Limitations & Future Work

  • Evaluation is limited to code search and clone detection; additional understanding tasks such as code summarization, defect detection, and code translation are not assessed.
  • Hard negative construction relies on UniXcoder for pre-computation, introducing additional preprocessing overhead, and the quality of hard negatives is bounded by UniXcoder's own representational capacity.
  • More parameter-efficient fine-tuning methods (e.g., LoRA, Adapters) are not explored; full-parameter continued pre-training still requires several days on 8×A100 GPUs.
  • Validation on larger-scale decoder-only models (e.g., 7B, 13B, 70B) is absent, leaving the continuation of the scaling trend unconfirmed.
  • Training data covers only six programming languages; generalization to low-resource languages is not evaluated.
  • The effect of continued pre-training on the model's generation performance is not studied — it remains unclear whether understanding gains come at the cost of generation quality.
  • Similar to CodeSage in using contrastive learning to improve code representations, this work focuses specifically on adapting the decoder-only architecture.
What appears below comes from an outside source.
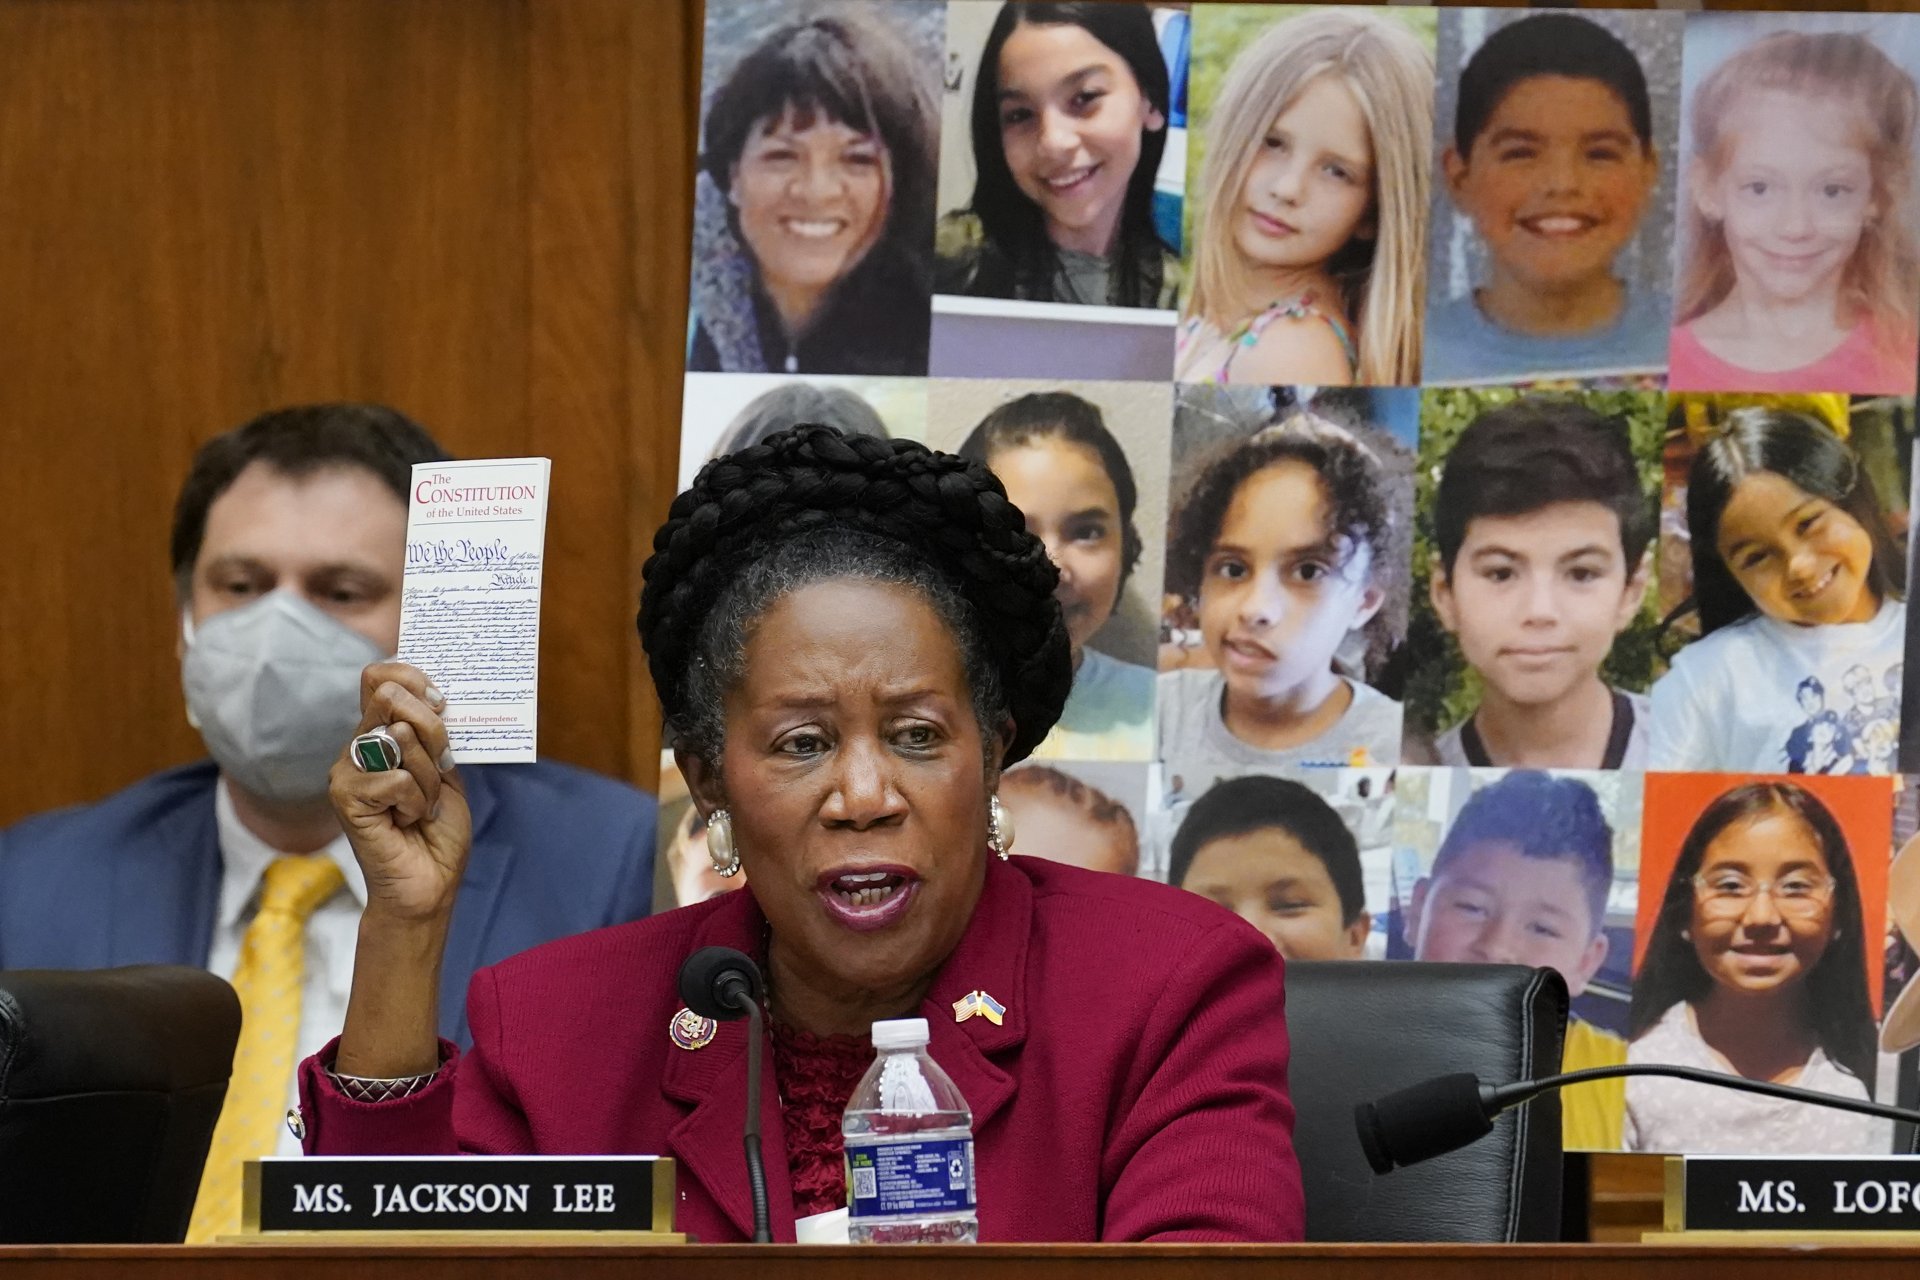 На фона на снимки на загинали деца в Увалде, Тексас конгресменът демократ Шийла Джаксън Лий, Тексас, говори в подкрепа на мерките за контрол на оръжията, обобщени в наречени в Закон за защита на нашите деца

  • The methodology is generalizable to other domains: any setting where a powerful generative model exists but understanding ability is insufficient (e.g., natural language text, protein sequences) could benefit from a similar contrastive learning adaptation strategy.
  • This work provides a viable path toward building a unified large code model that supports both generation and understanding.
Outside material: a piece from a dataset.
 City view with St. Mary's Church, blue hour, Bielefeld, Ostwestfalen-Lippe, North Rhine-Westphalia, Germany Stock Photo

  • It complements the scaling law study of CoLSBERT: while CoLSBERT demonstrates the effectiveness of scaling encoder-only models, CL4D shows that existing large-scale decoder-only models can be directly repurposed for understanding tasks.

Rating

  • Novelty: ⭐⭐⭐⭐ (The idea is clear but the approach is relatively straightforward; contrastive learning itself is not novel.)
  • Experimental Thoroughness: ⭐⭐⭐⭐ (Multiple models, tasks, and ablations, though the range of task types is limited.)
  • Writing Quality: ⭐⭐⭐⭐ (Well-structured, thorough argumentation, rich figures and tables.)
  • Value: ⭐⭐⭐⭐ (Paves the way for unifying generation and understanding in decoder-only models; strong practical utility.)